This guide walks through the steps required to set up Single Sign On with Salesforce as the Identity Provider and GetAccept as the service provider. Once completed, your users should have the ability to log in to the GetAccept integration in Salesforce with one click, given that they will already be signed in to Salesforce.
Step 1: Enable Salesforce as the identity provider
The following steps explain how to setup Salesforce as the identity provider. More information on these steps can be found in Salesforce’s documentation here.
1. Navigate to Setup | Identity Provider. Enable Identity provider (if it is disabled)
2. Create a new certificate (if none currently exist)
3. Download certificate and save for use in a later step
Step 2: Create a connected app with SAML
The following steps explain how to create a connected app using SAML. This is based on Salesforce’s documentation which can be found here.
1. Navigate to Setup | App Manager and click on New Connected App.
2. Go through the steps of creating the connected app as follows:
The subject should be Federation ID, which is set to the email address used to log in to GetAccept
The Service Provider Entity Id should be:
https://app.getaccept.com/auth/saml/{entityId}/api/metadata.xmlThe Service provider ACS Url should be:
https://app.getaccept.com/auth/saml/{entityId}/api/acsName ID Format: emailAddress
IdP Certificate - the same as the one created in the previous step
3. Create the connected app, then click manage to see the details, which should look like the following:
Step 3: Set up SAML auth in GetAccept
1. In GetAccept, navigate to Settings | Integrations | Provisioning and SSO and click Connect SAML Authentication.
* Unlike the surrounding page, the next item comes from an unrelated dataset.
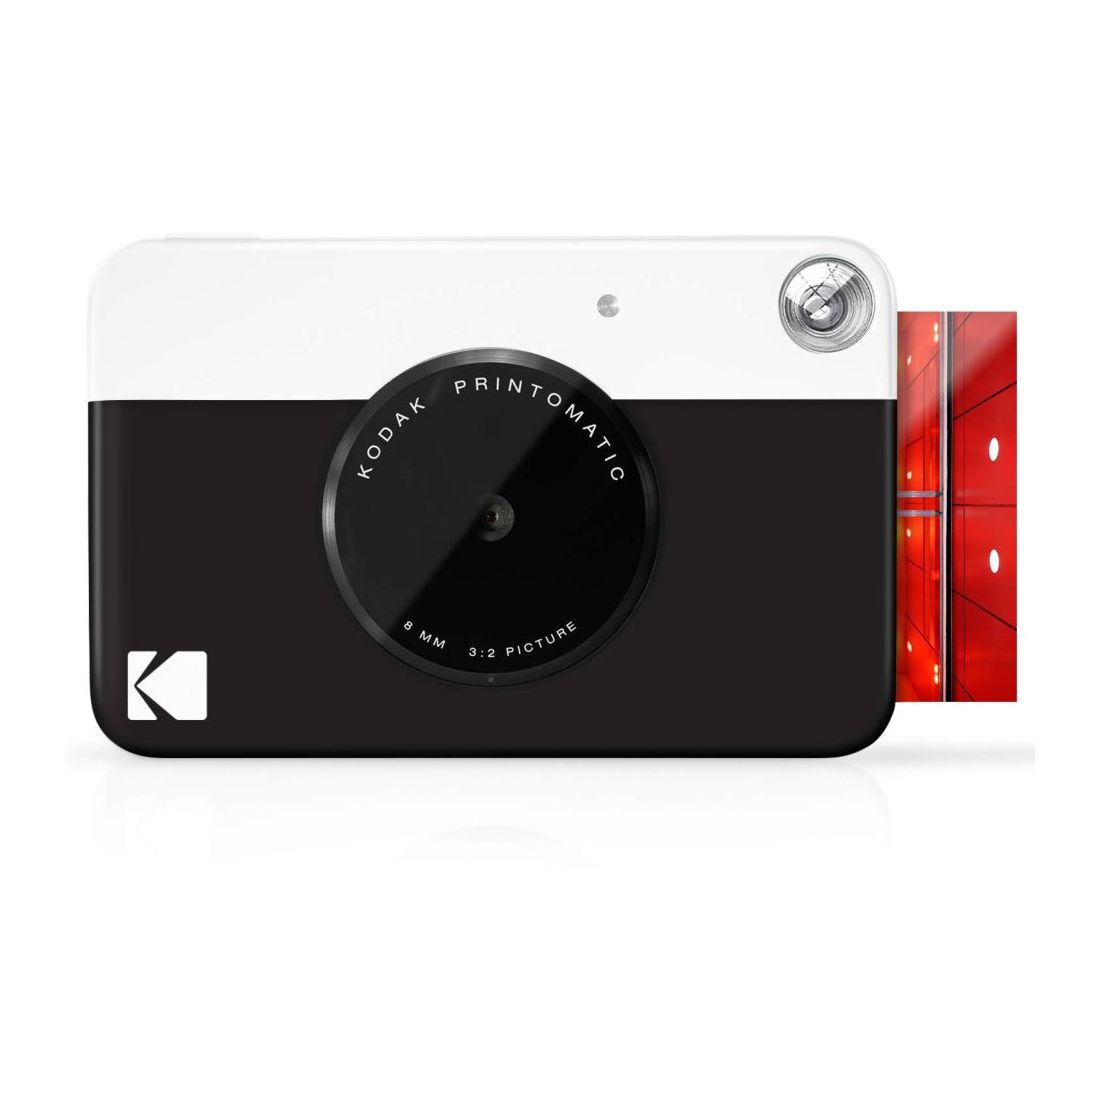 كاميرا Printomatic الرقمية الفورية من كوداك باللون الأسود

2. Fill in the SAML Authentication Form. It will require “SAML Login Information” from the created Connected app in the previous step and should look as follows:
Select the option “GetAccept platform and API or Integration
Enable SAML for all entities if you wish for this setup to work for all of your entities
Identity provider Issuer URL: Connected app - Issuer
SSO Login Redirect URL: Connected app - IdP-Initiated Login URL
Certificate: Paste in contents of previously downloaded IDP certificate
Step 4: Create permission set for managed connected app
1. Navigate to Setup | Permission sets and create a new permission set.
2. Once the permission set is created, assign the previously created Connected App to this perm set.
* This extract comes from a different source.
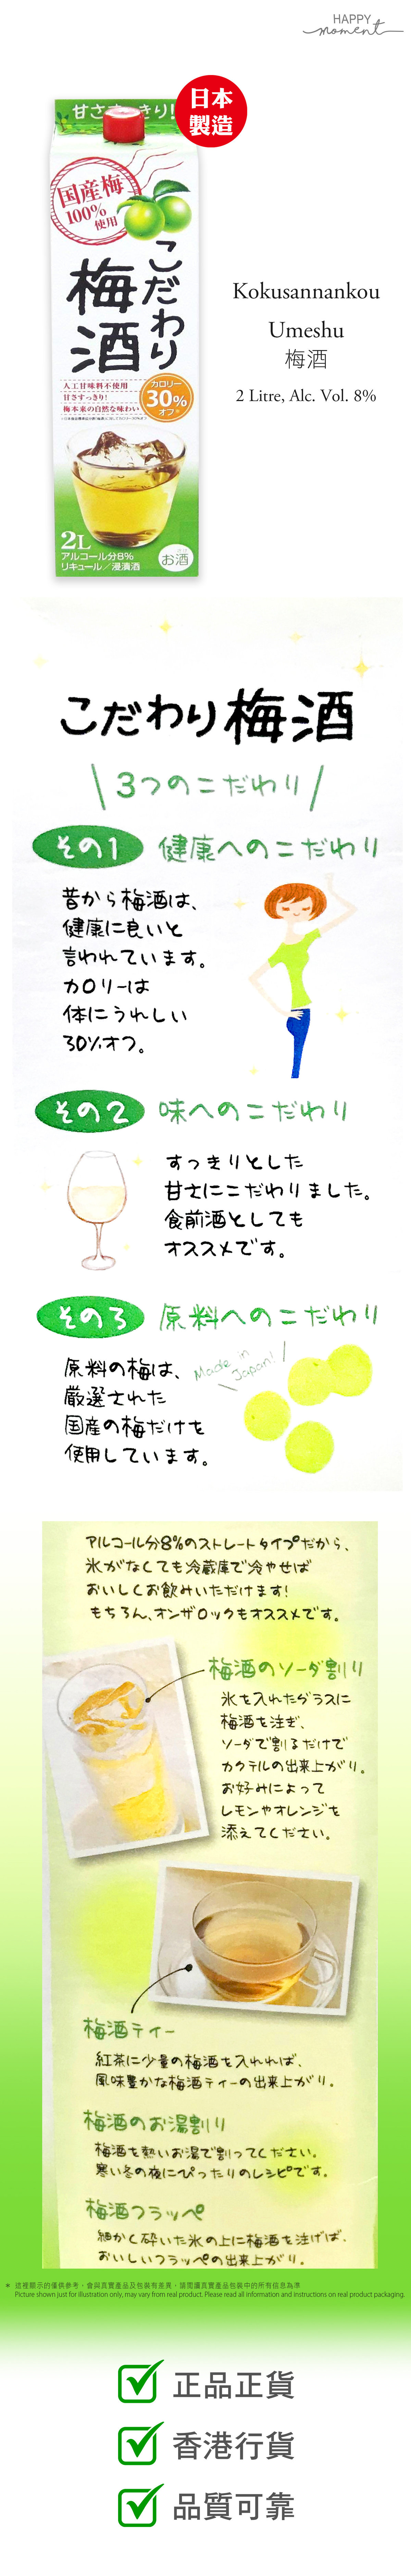 Kunizakari | 3盒- 國盛梅酒(酒精度8%) うめ酒パックKodawari Umeshu Lady (500ml x3) #sake  #日本酒#和歌山| HKTVmall 香港最大網購平台

3. Finally assign all relevant users to this permission set.
Step 5: Enable SSO in setup section
1. In Salesforce, navigate to App launcher | GetAccept Admin | Setup | Basic settings.
2. On this page you will find the SSO Settings section near the bottom of this page. Add entity id to the SSO entity ID section and enable SSO.
3. Optionally enforce SSO so one can only log in as that user.
4. You can now navigate to the GetAccept integration and test the login with SSO.